**Exercise instructions:** Below this line are records; transcribe exactly the lines between the one holding "Clipart luftballon geburtstag" and the one holding "VEJA - Baskets V-Lock Cuir Noir Blanc", inclusive, and omit the pictures.

**Data:**
▬▬▬▬▬▬

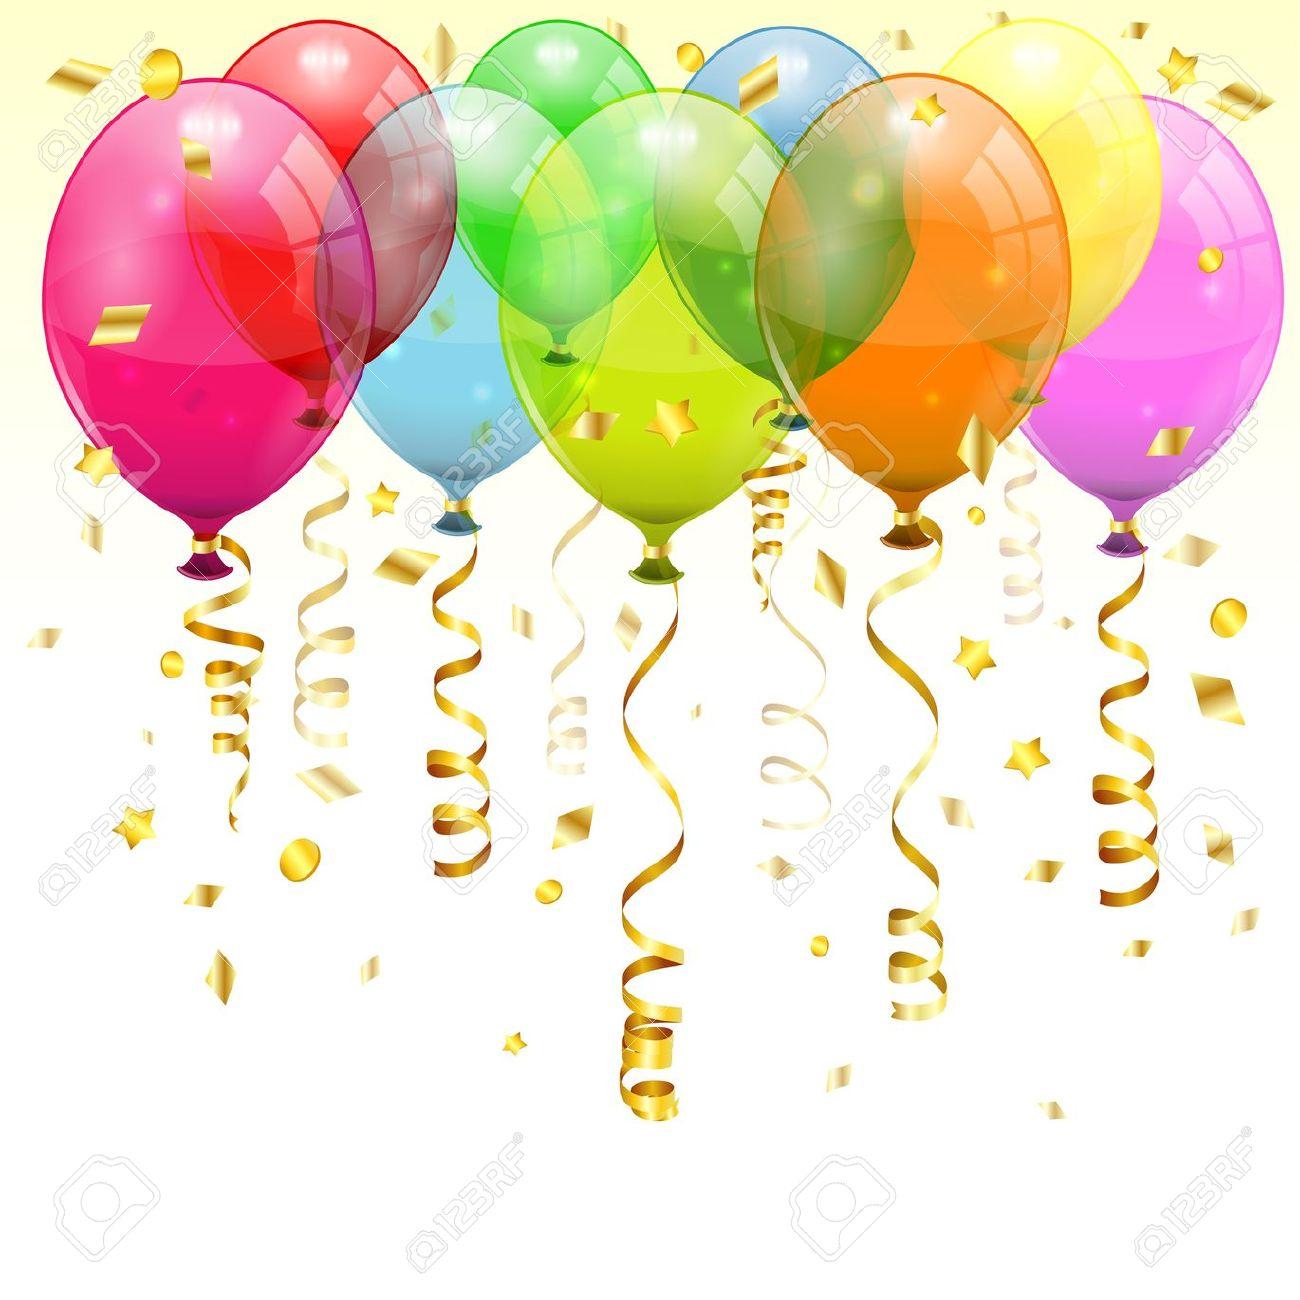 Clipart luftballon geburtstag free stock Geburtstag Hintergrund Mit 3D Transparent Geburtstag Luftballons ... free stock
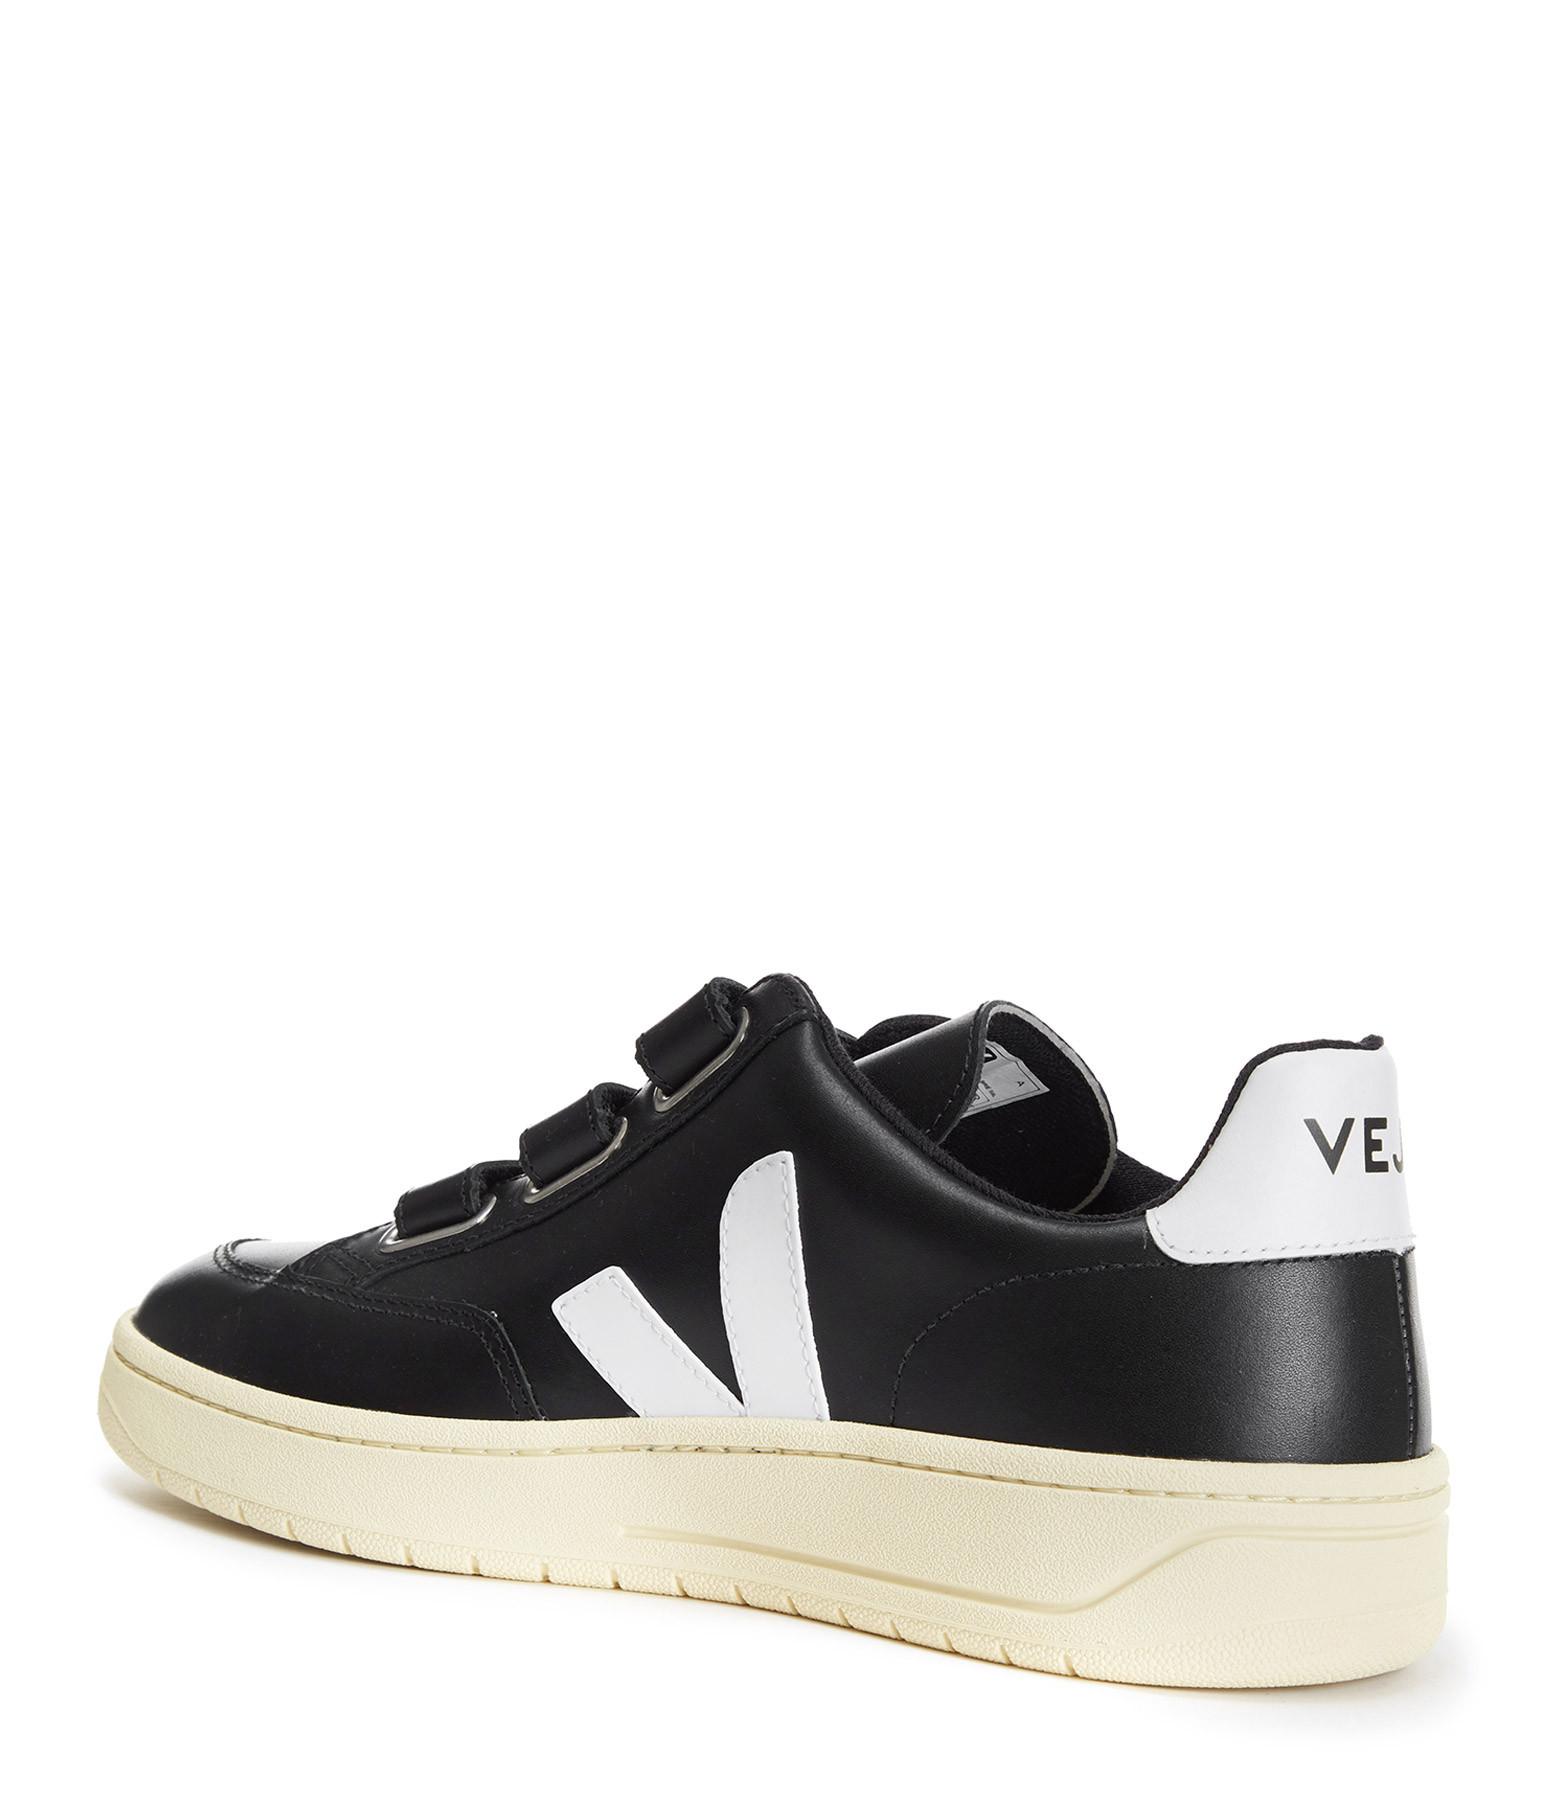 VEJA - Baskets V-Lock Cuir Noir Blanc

▬▬▬▬▬▬

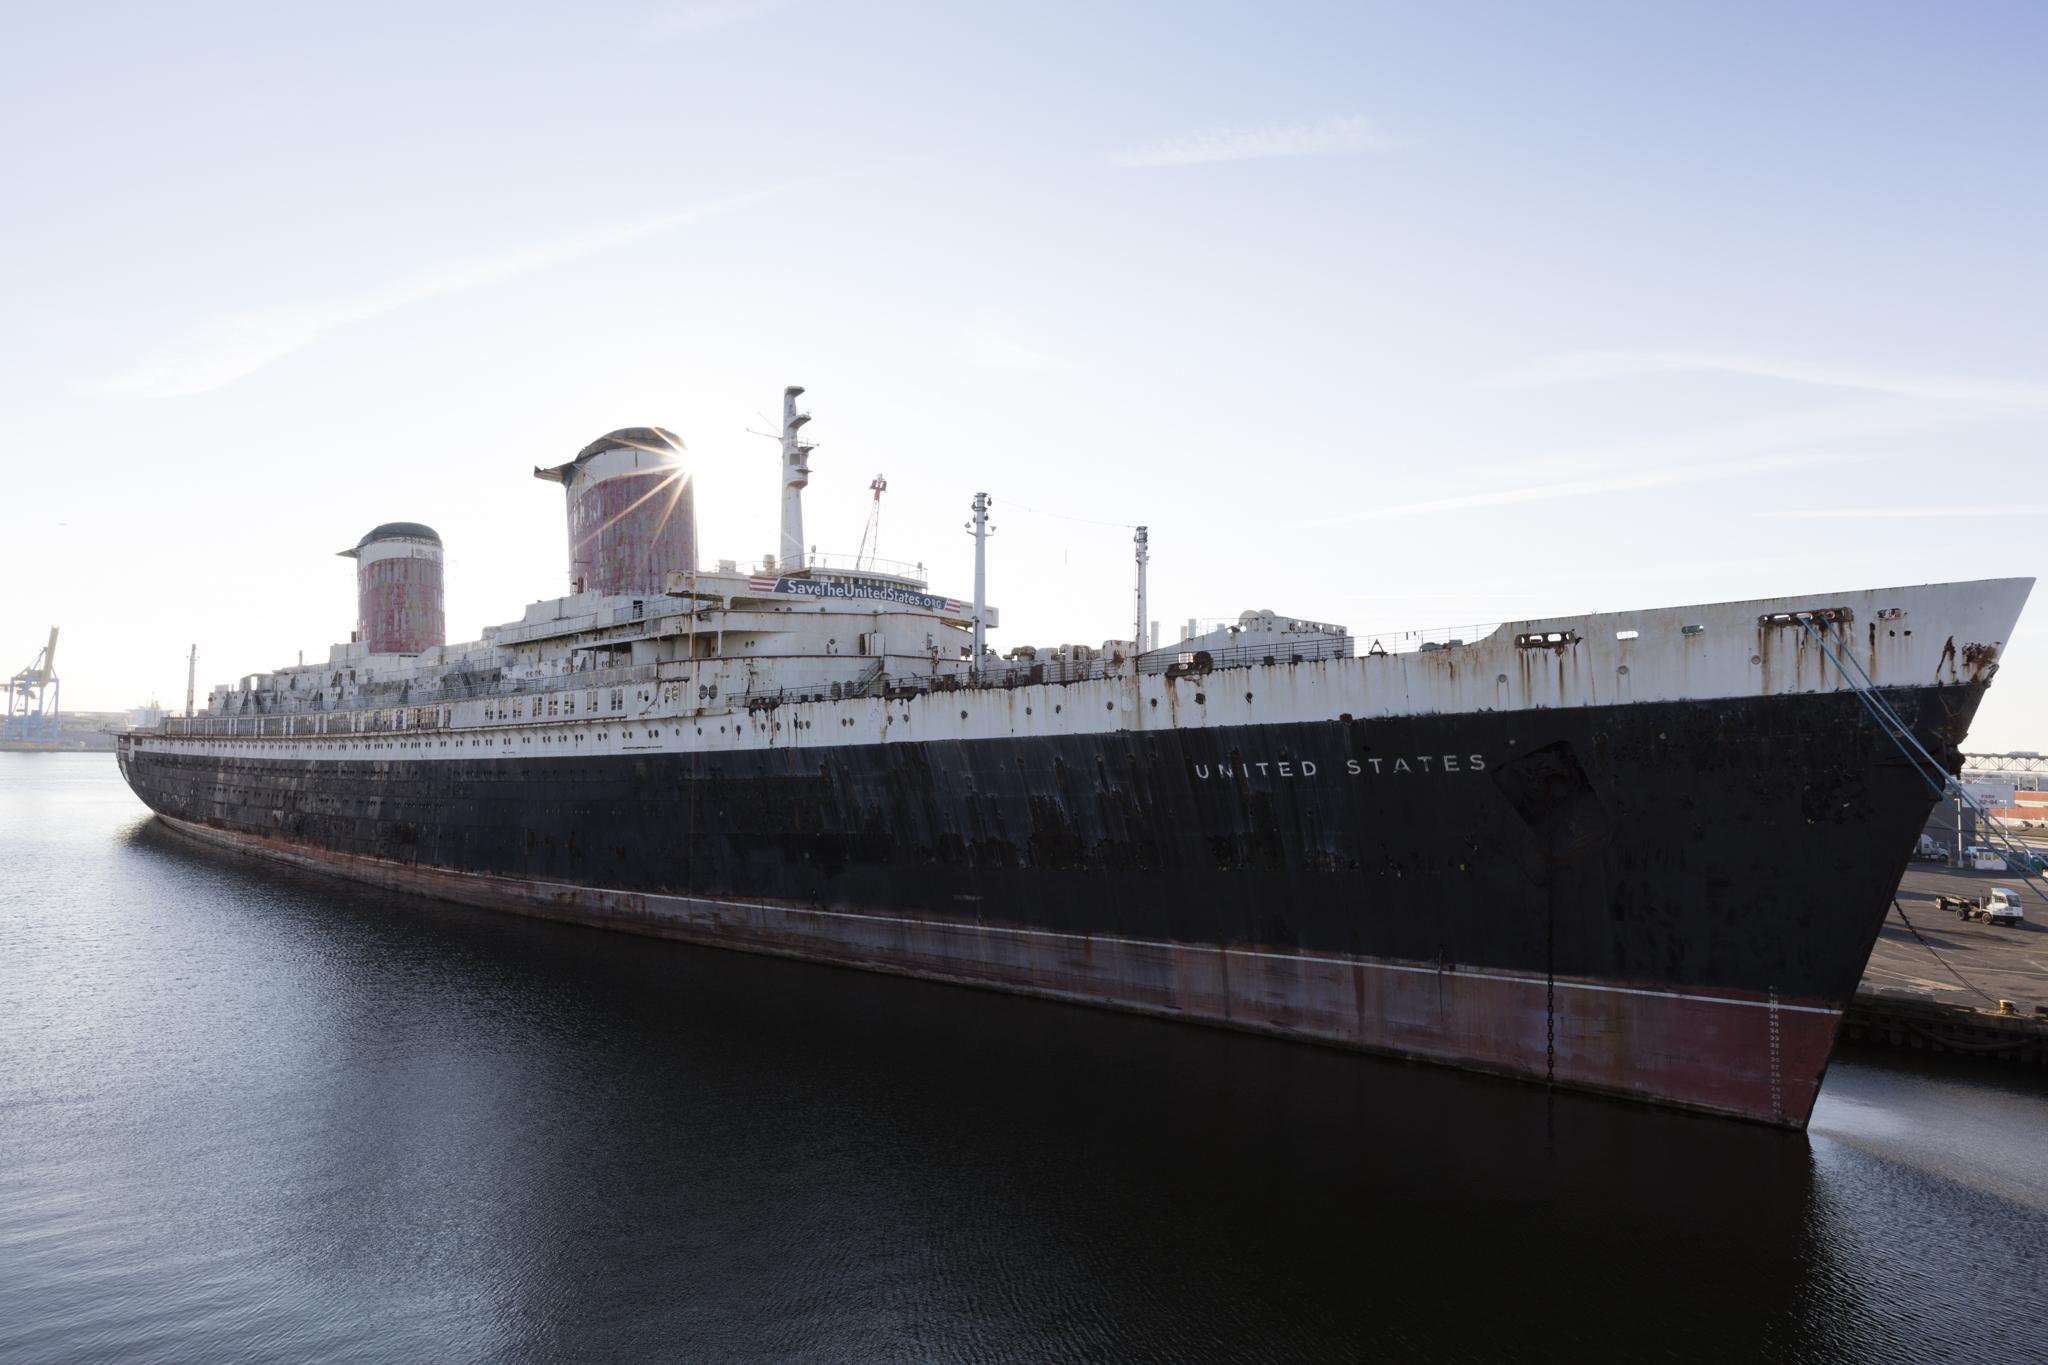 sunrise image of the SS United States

▬▬▬▬▬▬

**Solution:**
 Clipart luftballon geburtstag free stock Geburtstag Hintergrund Mit 3D Transparent Geburtstag Luftballons ... free stock
 VEJA - Baskets V-Lock Cuir Noir Blanc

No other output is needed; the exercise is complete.